**Task prompt:**
Your copy of the lines below must match them exactly and contain no images.

**Dataset extract:**
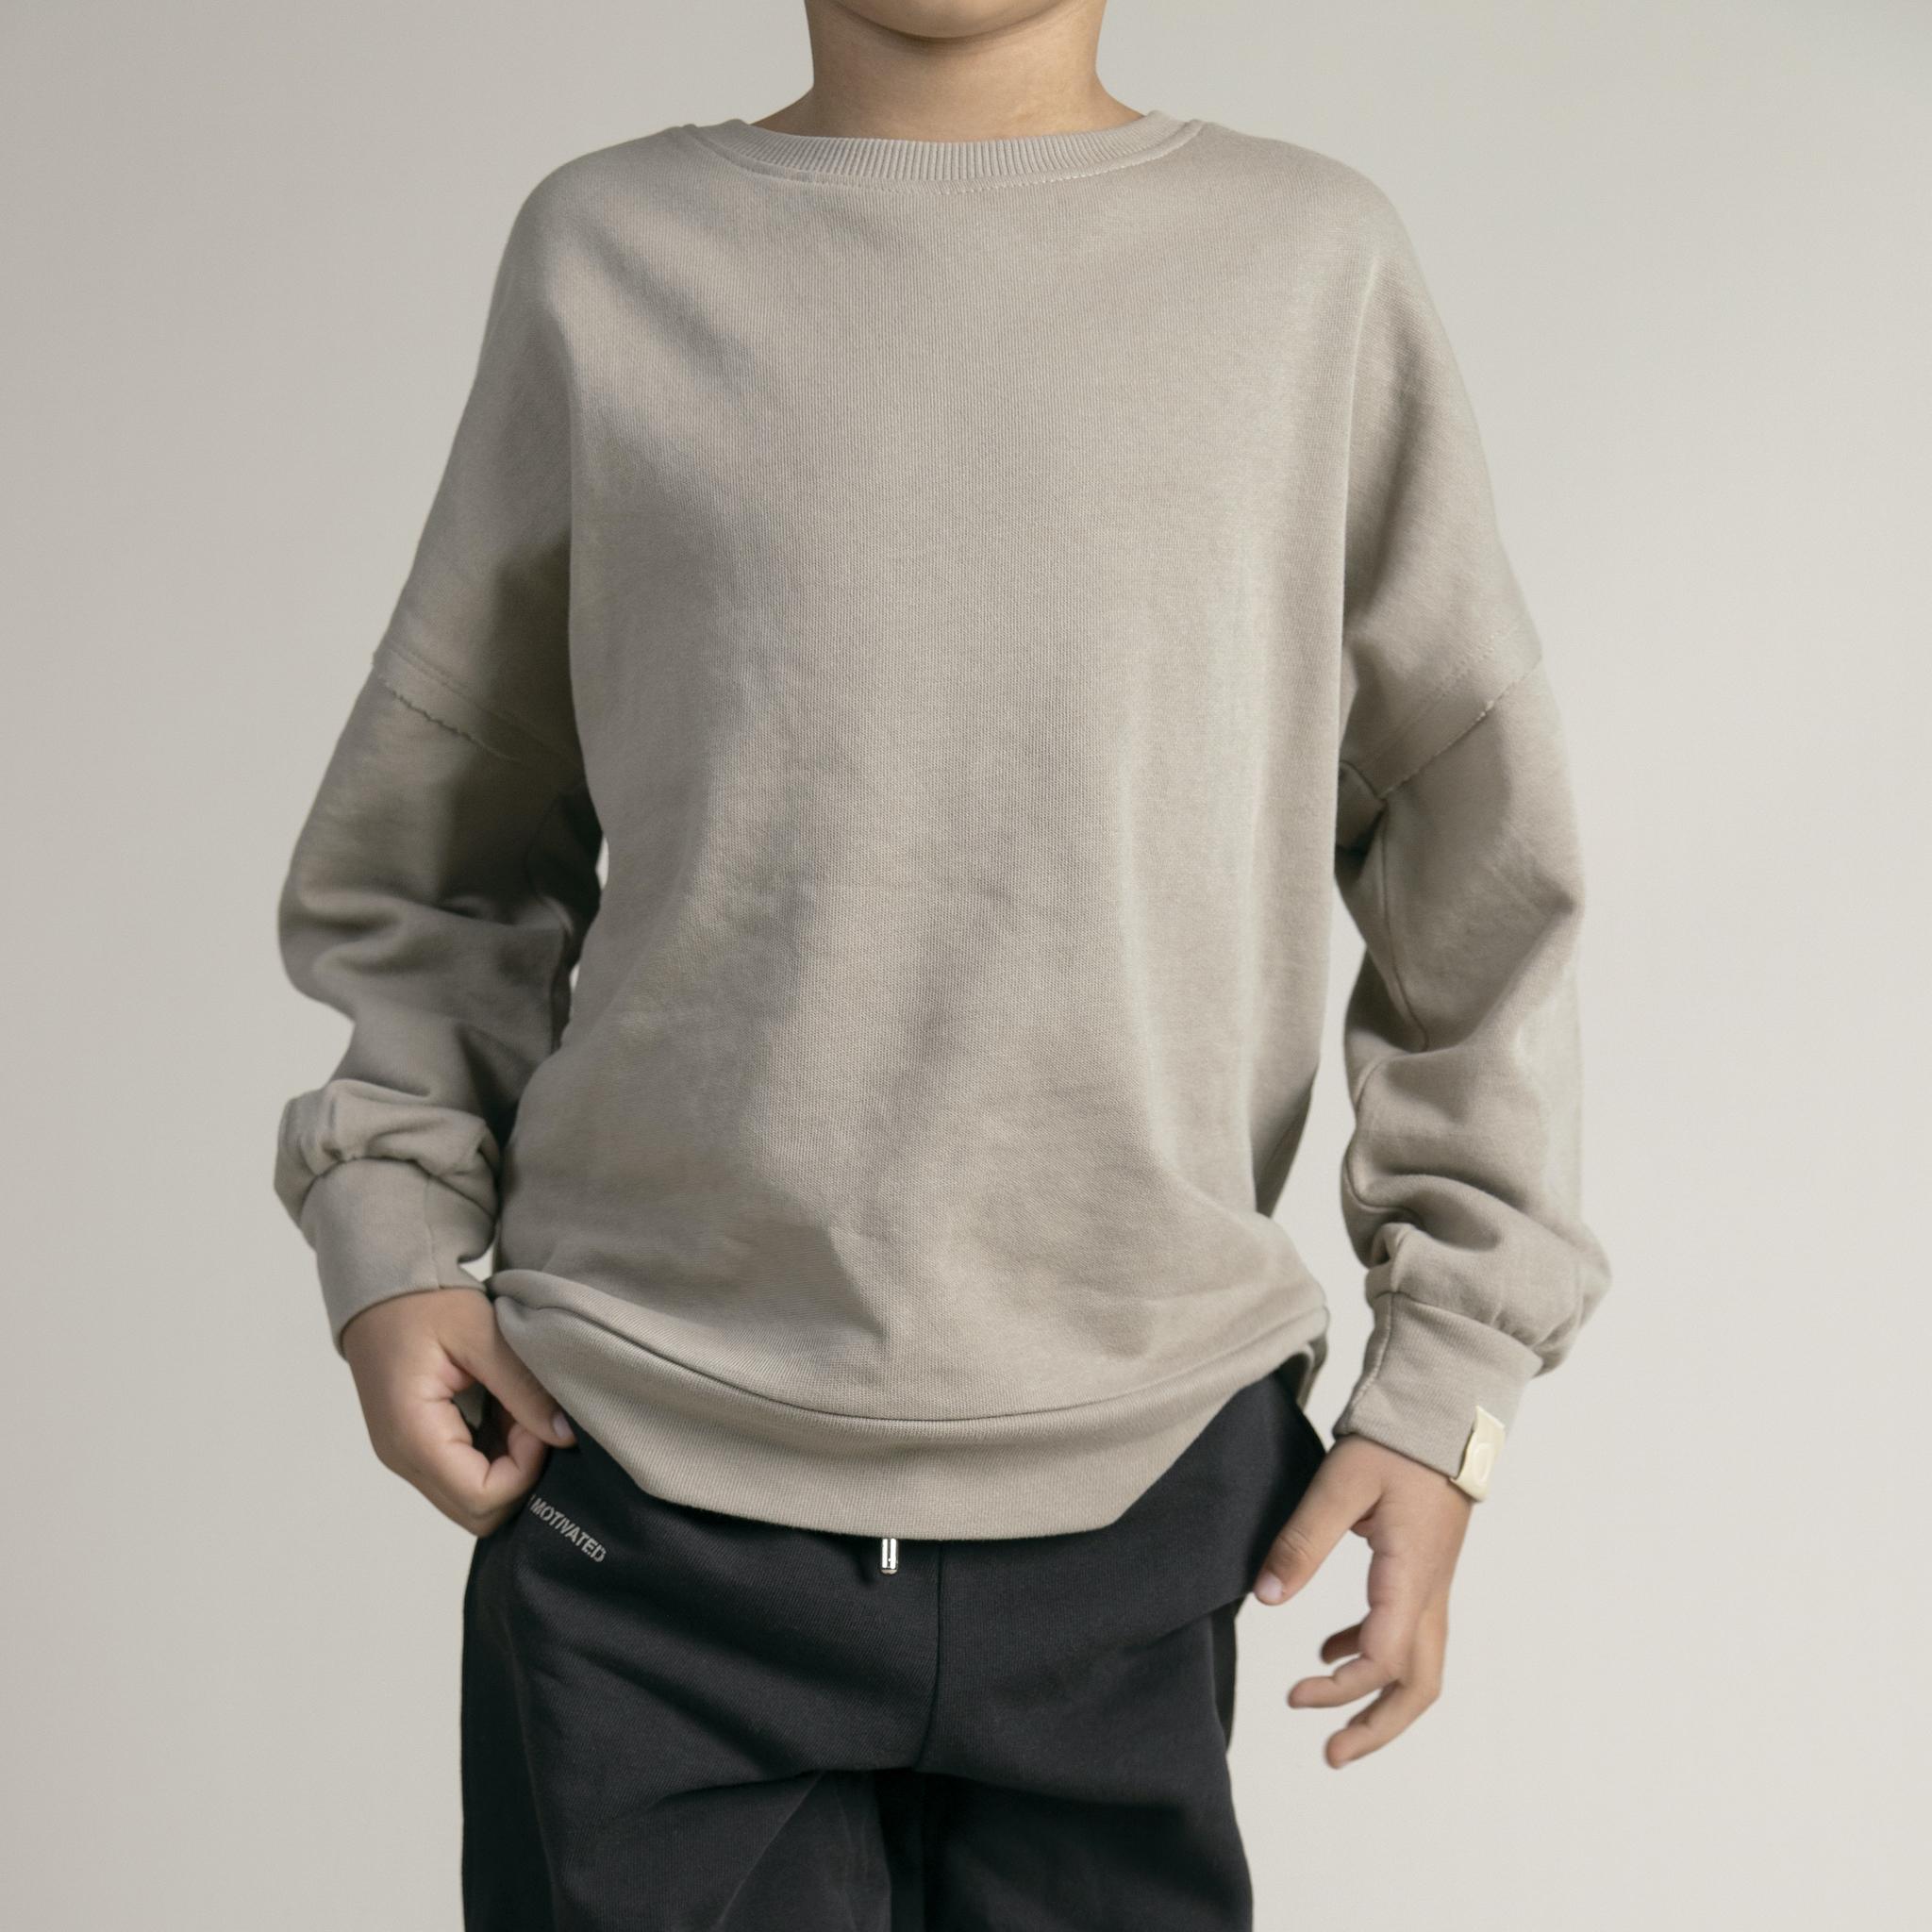 I dig denim - Mike Sweater Organic - beige
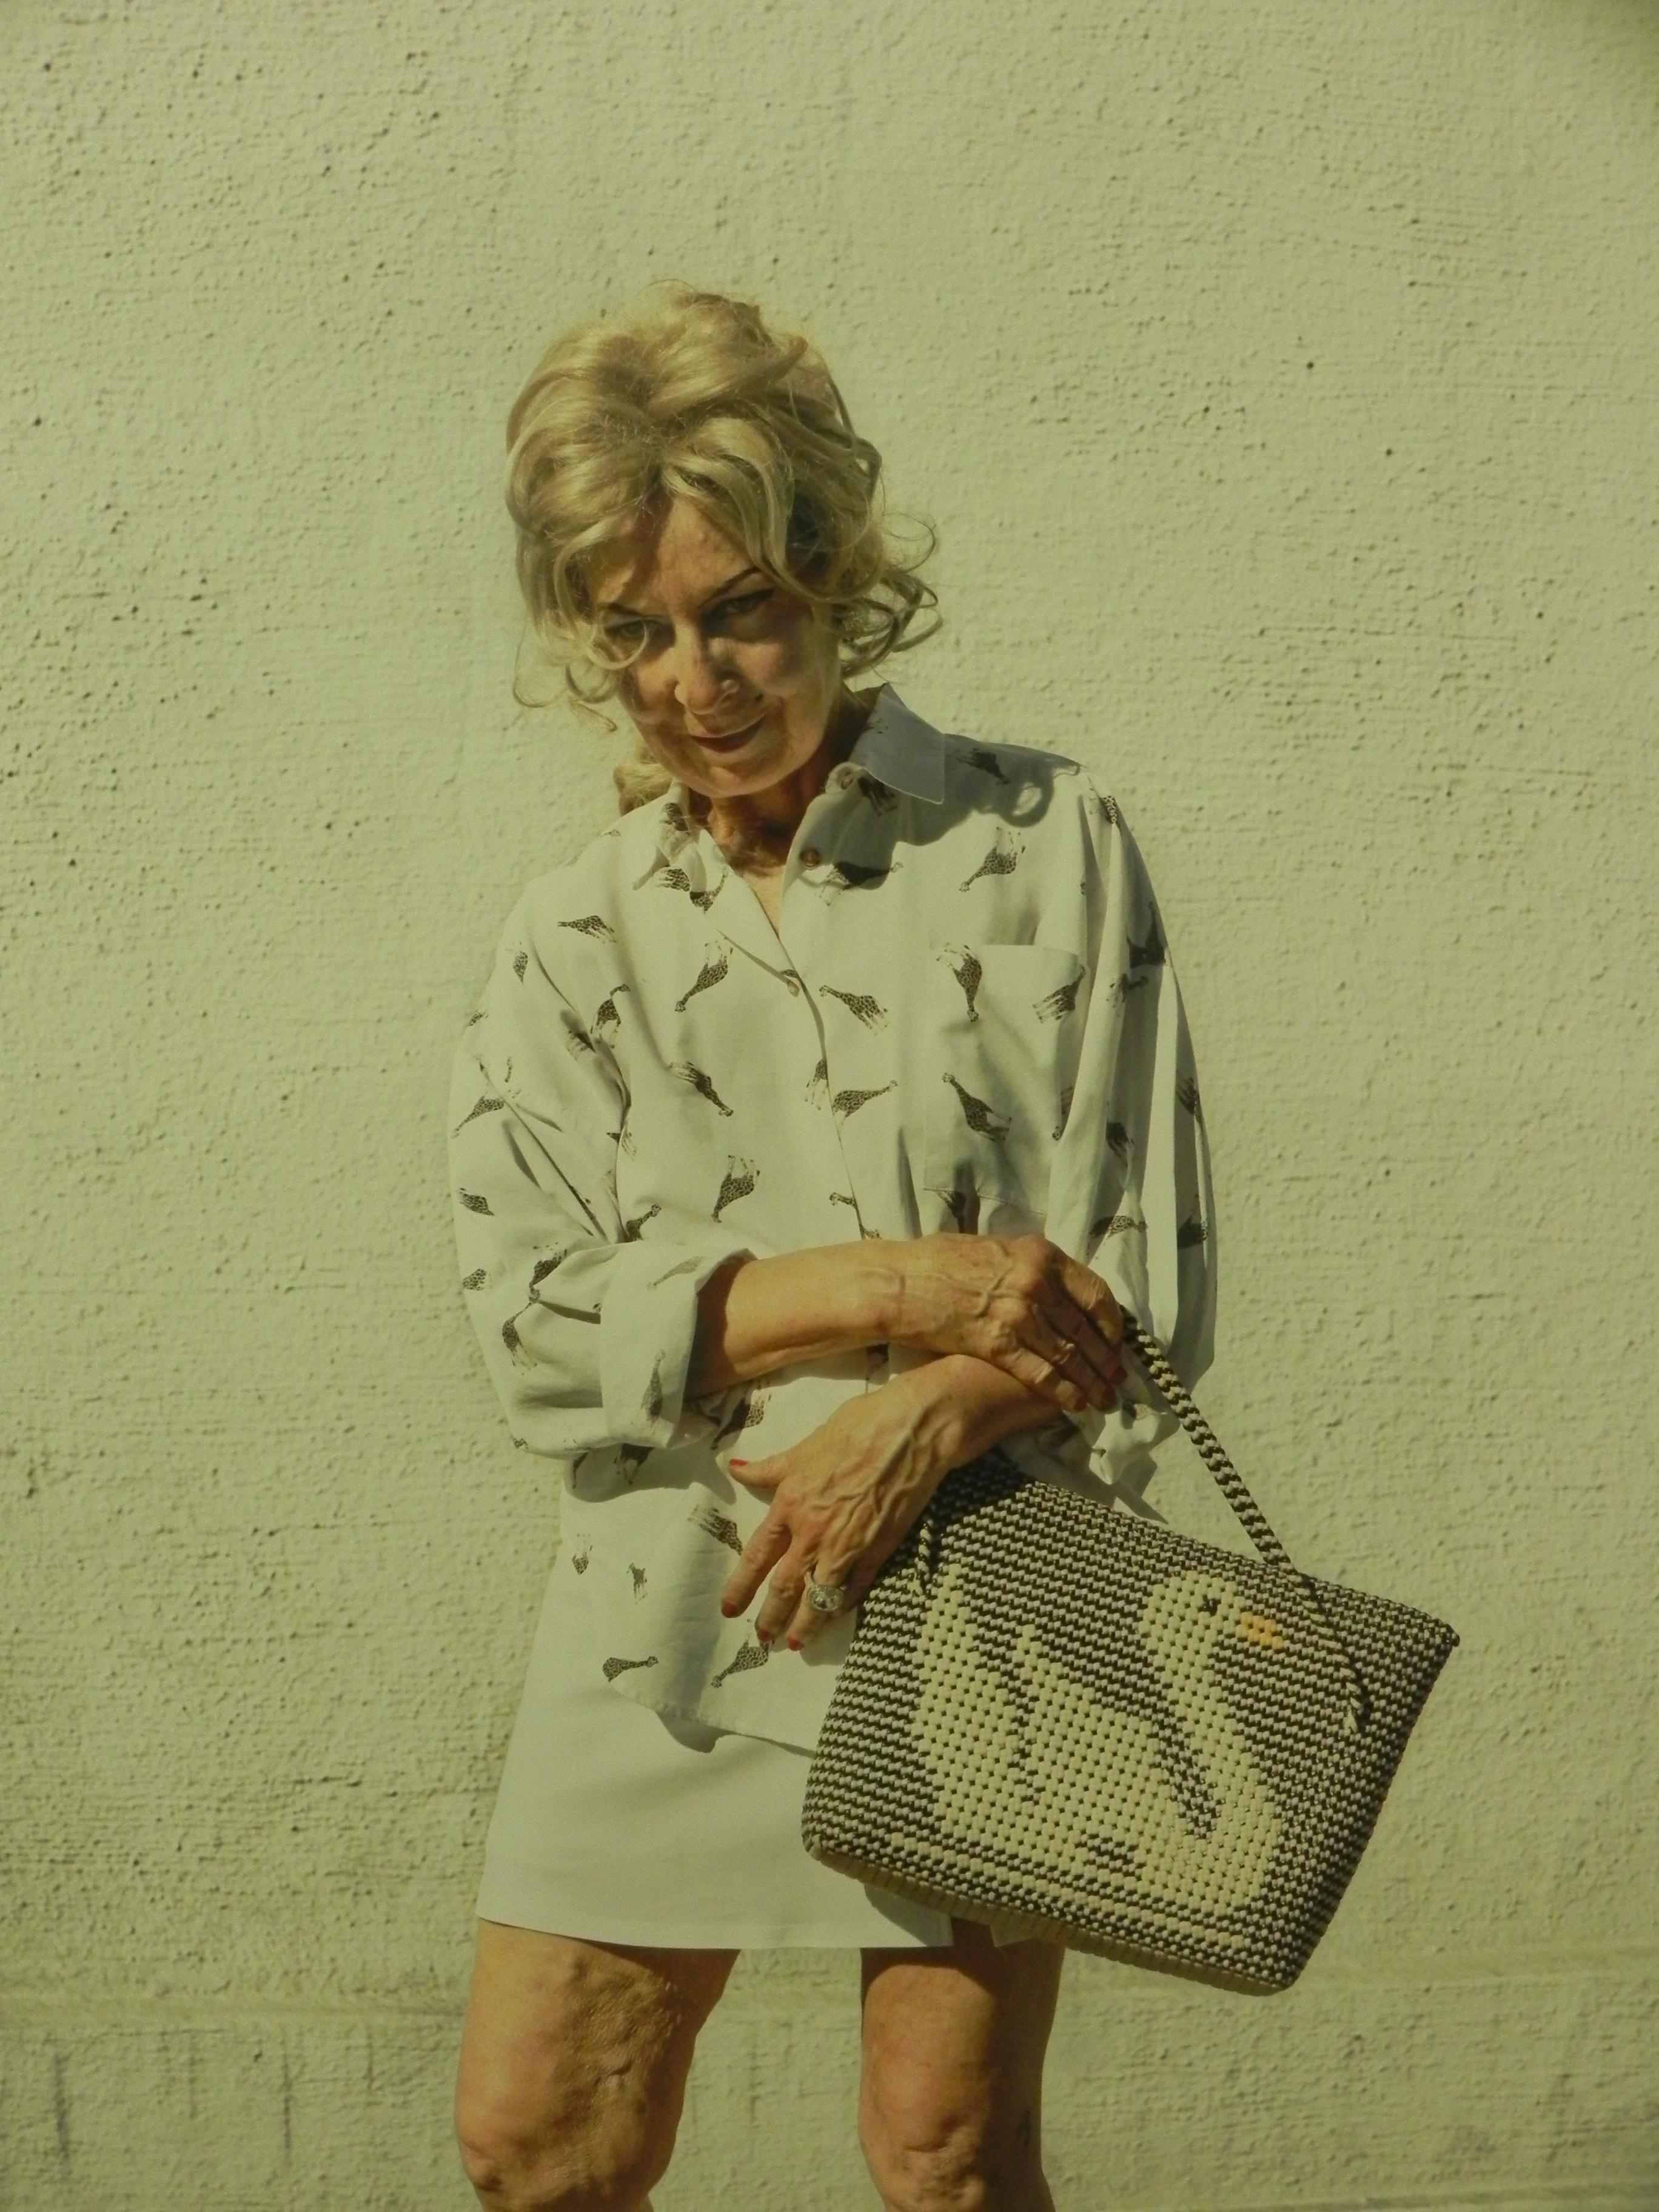 Katy Grannan. Boulevard Series. Saatchi Gallery.
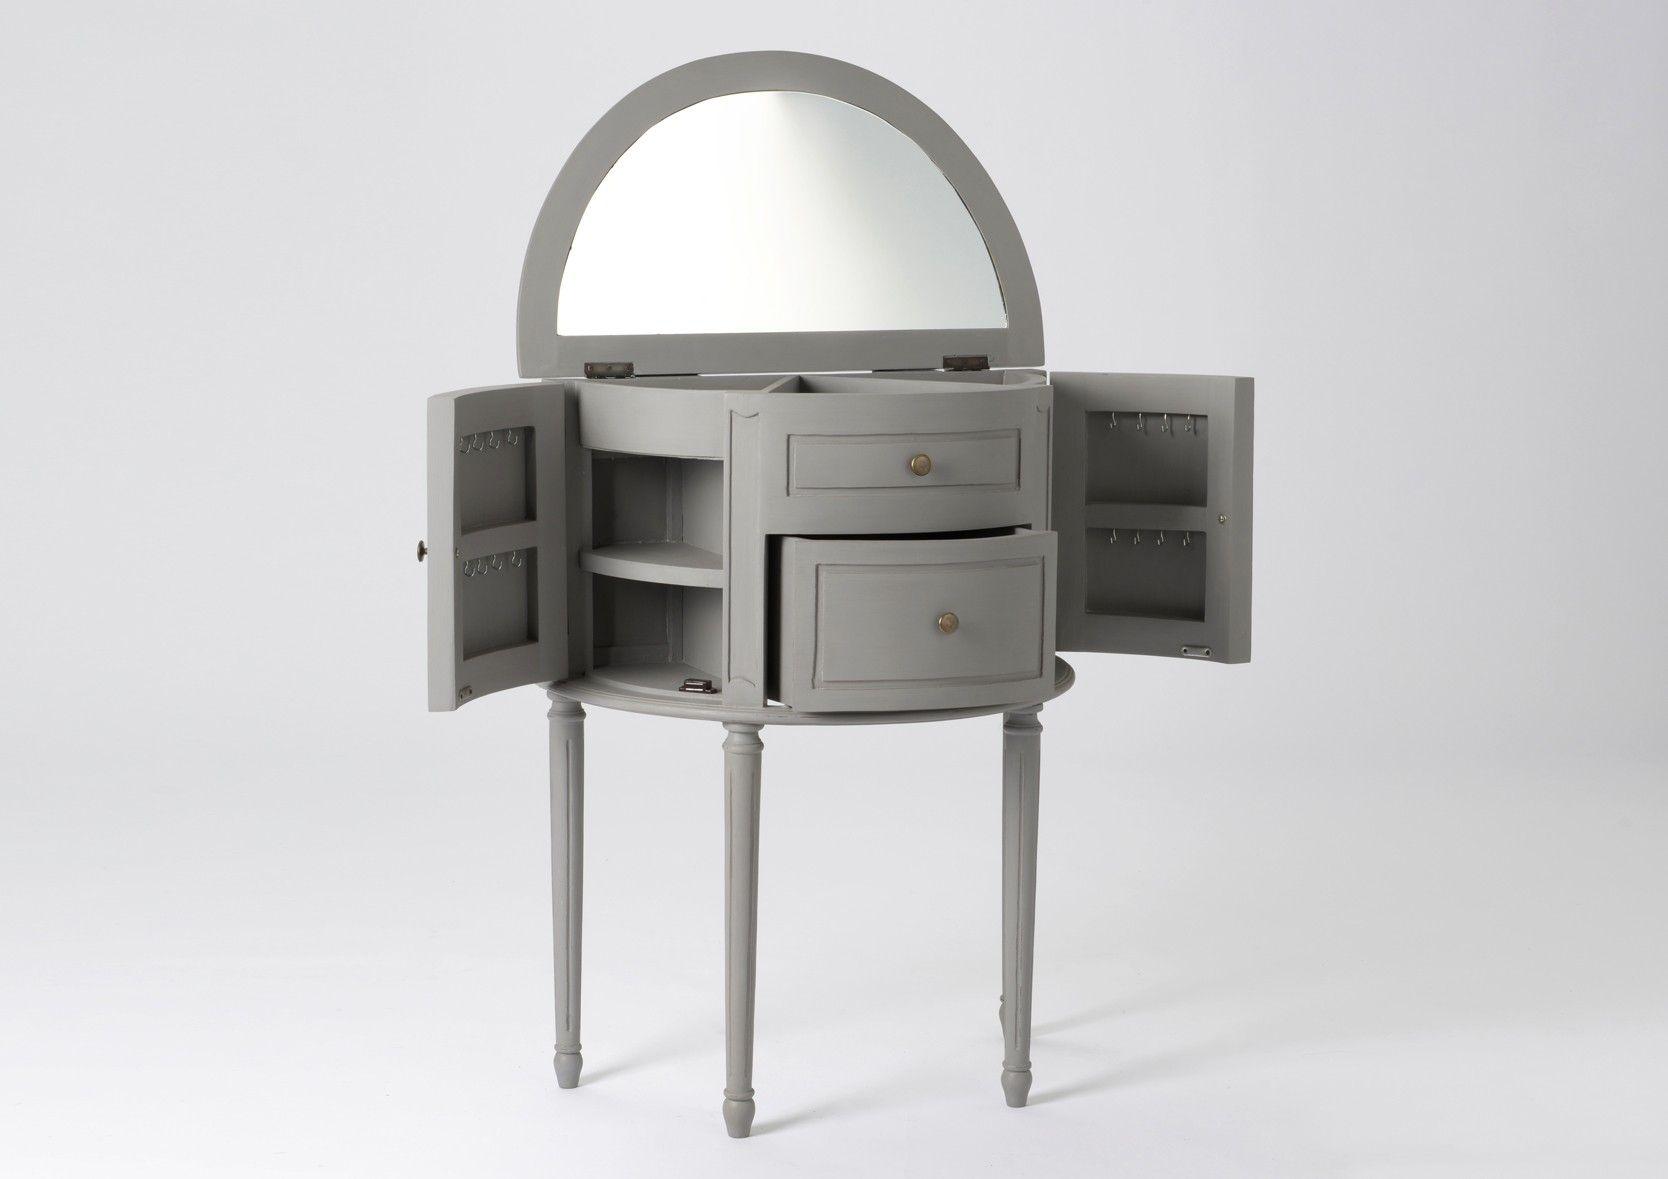 Muebles Macabane - C Mo Conseguir El Dormitorio Perfecto Para Un Decolover Con El [mjhdah]https://i.pinimg.com/736x/67/ed/24/67ed24b0a81984a0a86cdbe7b8c239f7.jpg

**Result for this exercise:**
 I dig denim - Mike Sweater Organic - beige
 Katy Grannan. Boulevard Series. Saatchi Gallery.
 Muebles Macabane - C Mo Conseguir El Dormitorio Perfecto Para Un Decolover Con El [mjhdah]https://i.pinimg.com/736x/67/ed/24/67ed24b0a81984a0a86cdbe7b8c239f7.jpg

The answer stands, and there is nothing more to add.